A huge handmade progress bar
We’re all used to have everything digital nowadays. Onenote, Outlook, Notepad++, whatever-tool-to-take-notes-not-in-paper. We also have all the tools in place for a proper project management, from Microsoft Project to JIRA, Asana, whatever-tool-to-make-sure-your-project-is-successful. It’s a digital world and there’s no need to run from it. It’s good. However, there’s something all these tools cannot give: the sense of reality. Really see the finish line.
What does this have to do with a progress bar? Well, I’m an old school guy. I like paper books rather than PDF. I spent more than a decade learning in chopstick boards (we all did?). And the first years of your life are spent drawing things. So, I’m one of those that religiously believe that the first step of a task is always either a whiteboard or a blank piece of paper. The great news is that I have the privilege of working in a place where almost every wall is available to write. So, we draw a lot.
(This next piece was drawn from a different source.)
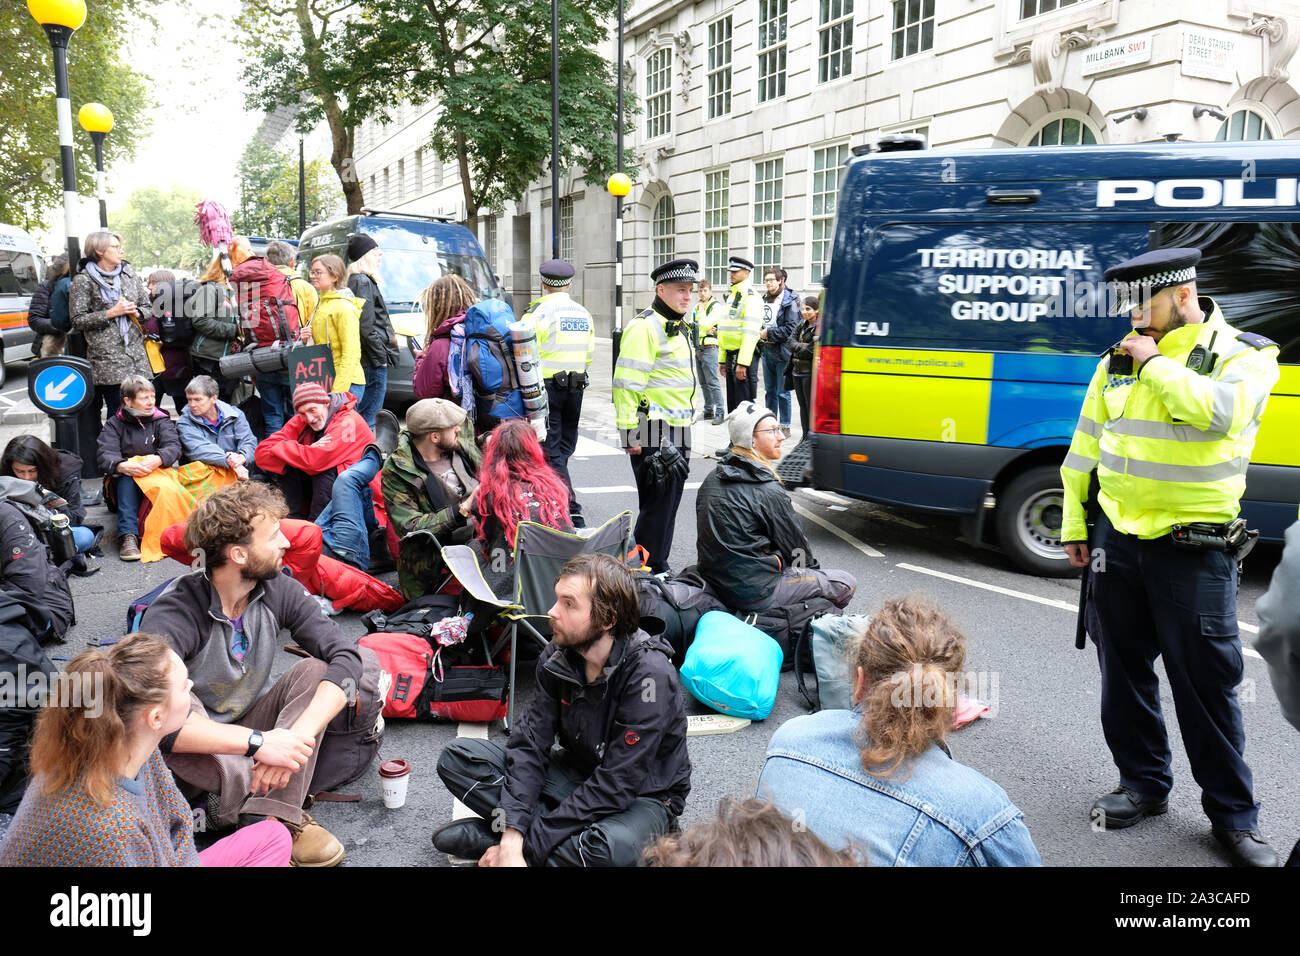 Westminster, London, UK - Monday 7th October 2019 - Extinction Rebellion XR climate protesters block roads around Westminster - Police officers watch protesters at Millbank near Parliament. Photo Steven May / Alamy Live News Stock Photo

In the past months we were “under water” with milestones to hit. Our attention was starting to get scattered. “What needs to go to production when? What does JIRA say?” Argh, this is hard. Hum, drawing boards…
And magic happened. We decided to draw a progress bar on one of the walls next to the team (the little man walking the progress bar is actually a funny remark to a contest, “Right Price”). A small thing that made a huge difference. Everyone sees it when they arrive. Everyone knows when they leave. Everyone understands the weight of it. Everyone is focused on our progress. When someone comes to our team with a feature request we can quickly give visibility of “can or can’t do”. We even get creative around it.
So, the wall behind me is now a huge handmade progress bar that we updated everyday. It’s a small detail but for me makes a huge difference.